Ye Zi, Chen Tianxiang, Wang Fangyijie, Zhang Hanwei, Zhang Lijun
Institute of Intelligent Software, Guangzhou, 511400, Guangdong, China.
University of Science and Technology of China, Hefei, 230026, Anhui, China.
Sci Rep. 2025 Sep 1;15(1):32152. doi: 10.1038/s41598-025-16797-6.
Segmenting echocardiographic images is a crucial step in assessing heart function, as clinical indicators can be obtained by precisely delineating the left ventricle. The success of subsequent heart analyses depends entirely on the precision of this segmentation. However, echocardiography is characterized by ambiguity and heavy background noise interference, making accurate segmentation more challenging. Present methods lack efficiency and are prone to mistakenly segmenting some background noise areas, such as the left ventricular area, due to noise disturbance. To address these issues, we introduce P-Mamba, which integrates the Mixture of Experts (MoE) concept for efficient pediatric echocardiographic left ventricular segmentation. Specifically, we utilize the recently proposed ViM layers from the vision mamba to enhance our model's computational and memory efficiency while modeling global dependencies. In the DWT-based (Discrete Wavelet Transform) Perona-Malik Diffusion (PMD) Block, we introduce a block that suppresses noise while preserving the left ventricle's local shape cues. Consequently, our proposed P-Mamba innovatively combines the PMD's noise suppression and local feature extraction capabilities with Mamba's efficient design for global dependency modeling. We conducted segmentation experiments on two pediatric ultrasound datasets and a general ultrasound dataset, namely Echonet-dynamic, and achieved state-of-the-art (SOTA) results. Specifically, on the Pediatric PSAX (8959 images) and Pediatric A4C datasets (6425 images), we achieved Dice scores of 0.922 and 0.906, respectively; on the EchoNet-Dynamic dataset (19882 images), we achieved a Dice score of 0.931. Leveraging the strengths of the P-Mamba block, our model demonstrates superior accuracy and efficiency compared to established models, including vision transformers with quadratic and linear computational complexity.

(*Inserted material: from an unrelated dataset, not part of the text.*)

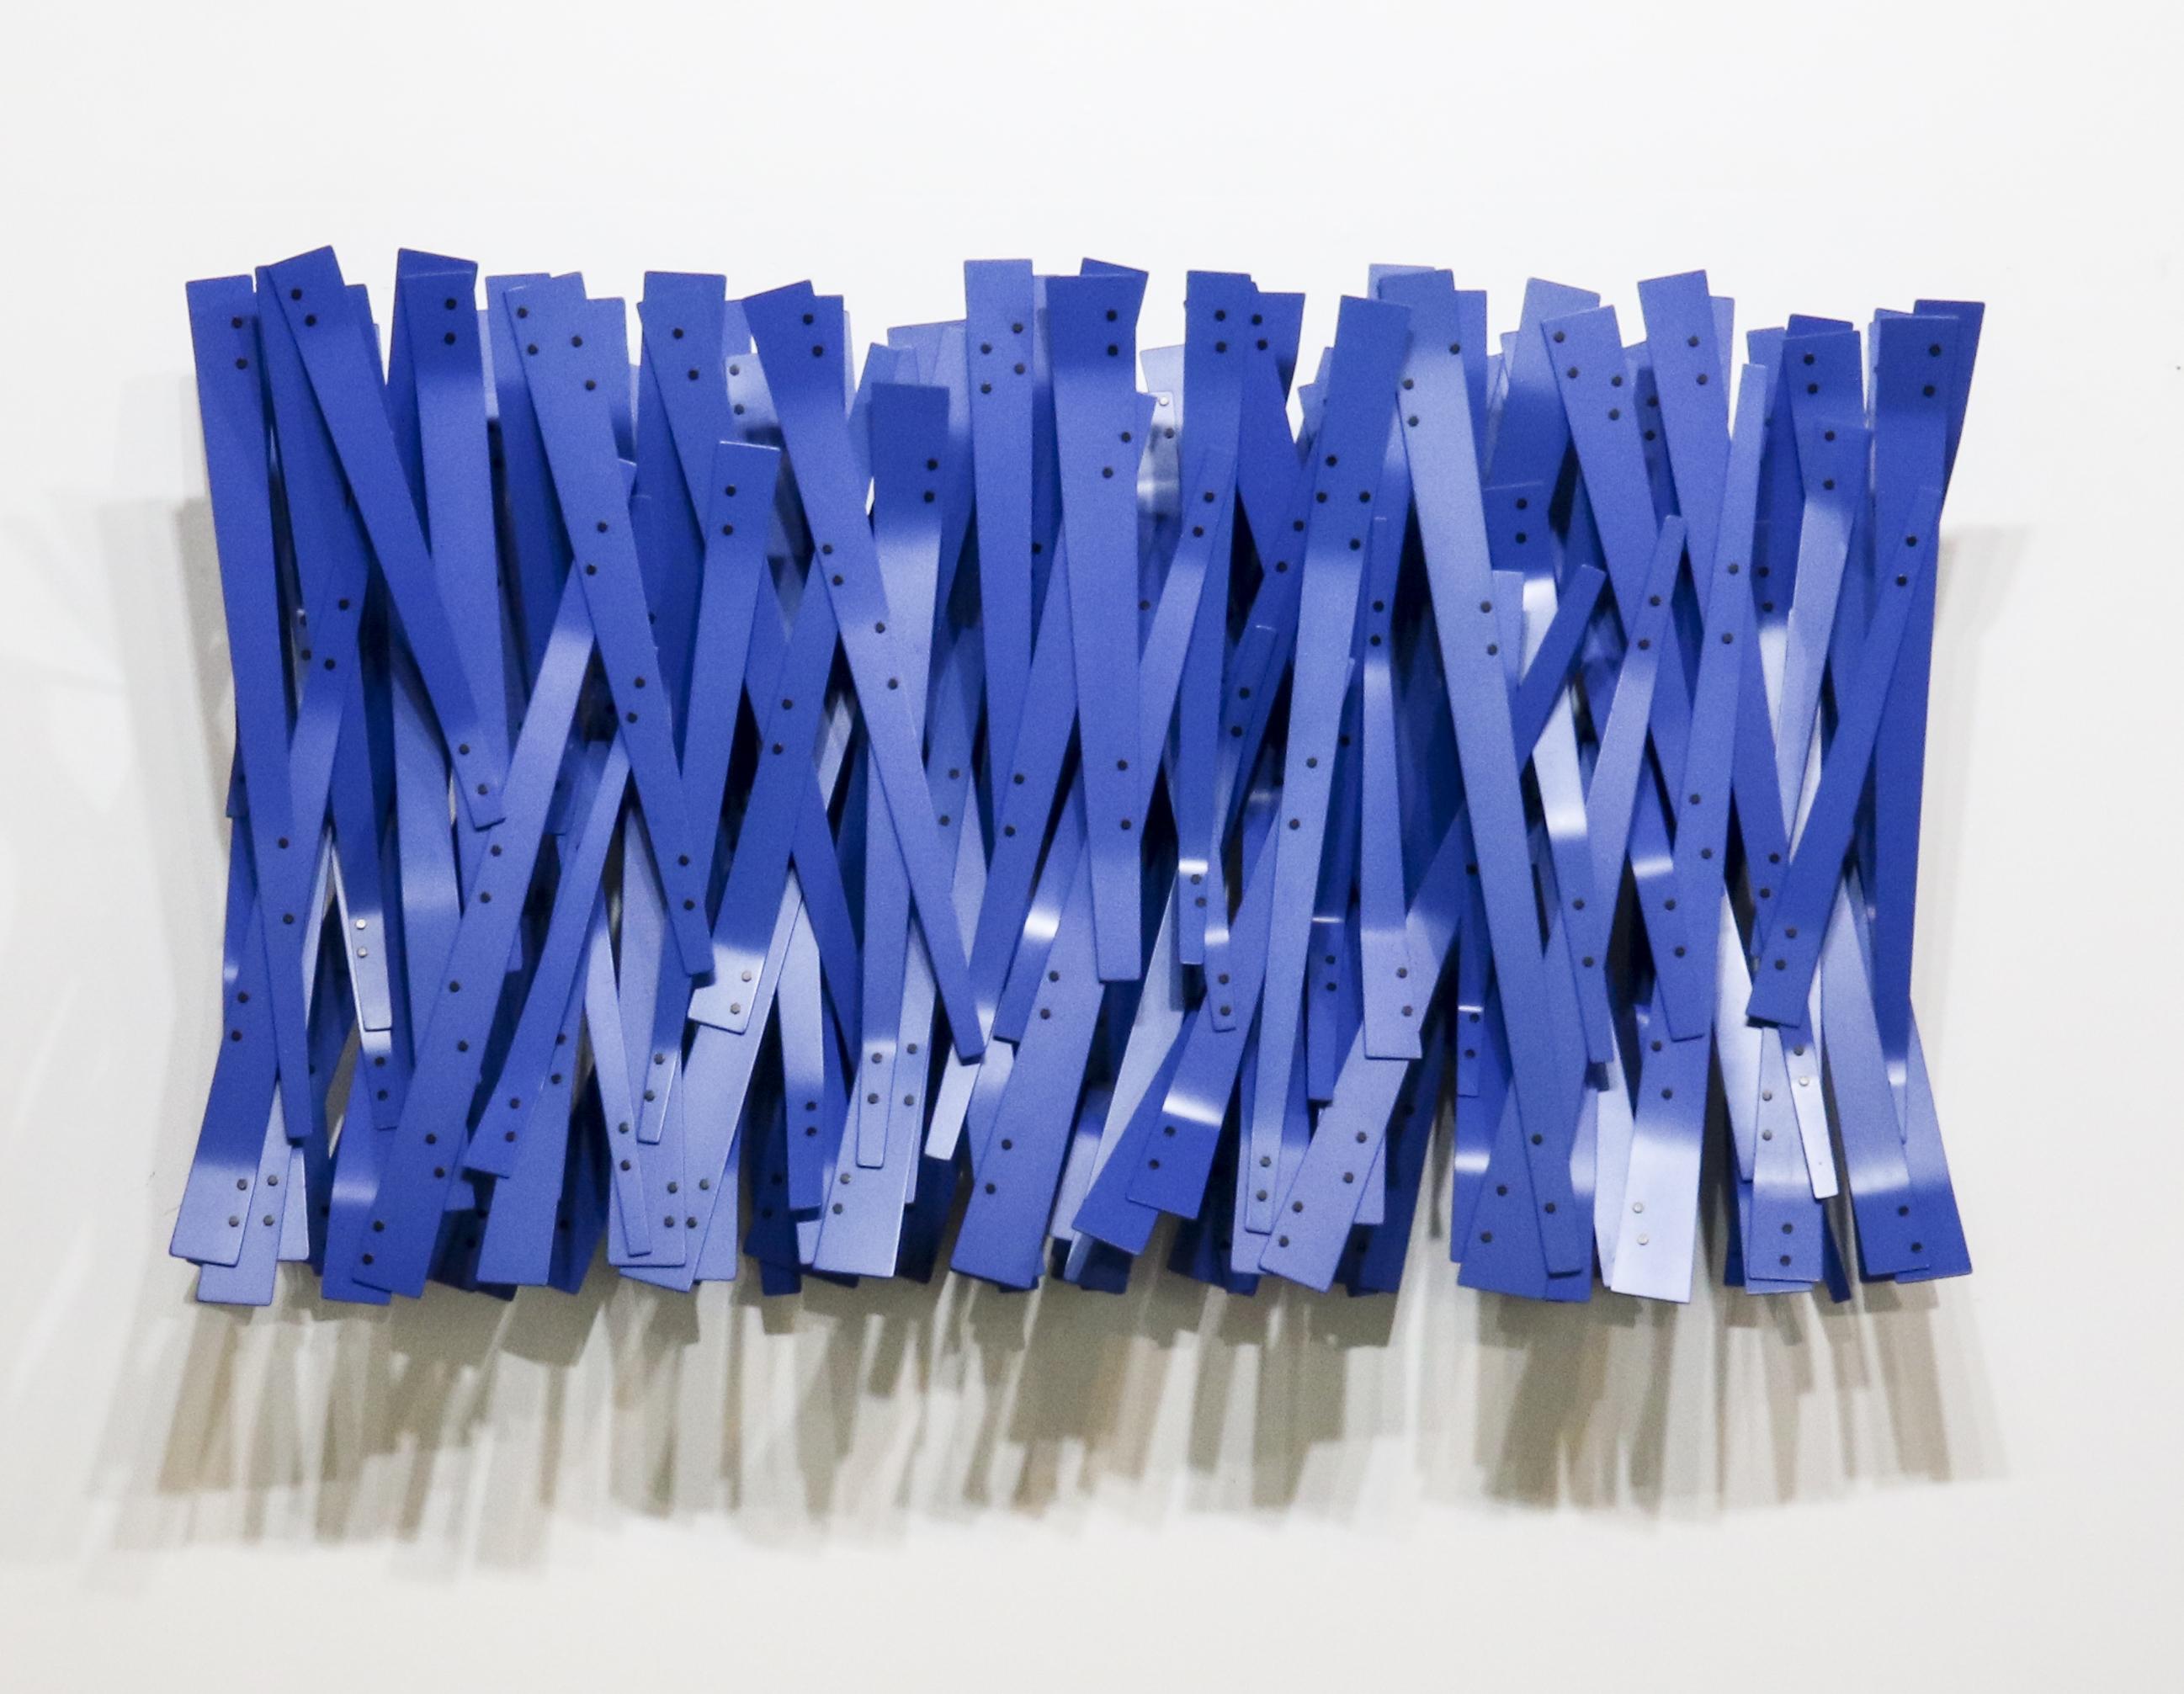 ricardo-cardenas-blue-forest-2018-painted-aluminum-722-x-1232--x--341-cm-1520440733

对超声心动图图像进行分割是评估心脏功能的关键步骤,因为通过精确描绘左心室可以获得临床指标。后续心脏分析的成功完全取决于这种分割的精度。然而,超声心动图具有模糊性和严重的背景噪声干扰,使得准确分割更具挑战性。目前的方法缺乏效率,并且由于噪声干扰,容易误分割一些背景噪声区域,如左心室区域。为了解决这些问题,我们引入了P-Mamba,它集成了专家混合(MoE)概念,用于高效的儿科超声心动图左心室分割。具体来说,我们利用视觉曼巴最近提出的ViM层来提高我们模型的计算和内存效率,同时对全局依赖性进行建模。在基于离散小波变换(DWT)的佩罗纳-马利克扩散(PMD)模块中,我们引入了一个在保留左心室局部形状线索的同时抑制噪声的模块。因此,我们提出的P-Mamba创新性地将PMD的噪声抑制和局部特征提取能力与曼巴的高效全局依赖性建模设计相结合。我们在两个儿科超声数据集和一个通用超声数据集(即Echonet-dynamic)上进行了分割实验,并取得了领先的(SOTA)结果。具体来说,在儿科PSAX(8959幅图像)和儿科A4C数据集(6425幅图像)上,我们分别获得了0.922和0.906的Dice分数;在EchoNet-Dynamic数据集(19882幅图像)上,我们获得了0.931的Dice分数。利用P-Mamba模块的优势,我们的模型与已有的模型相比,包括具有二次和线性计算复杂度的视觉Transformer,展示了更高的准确性和效率。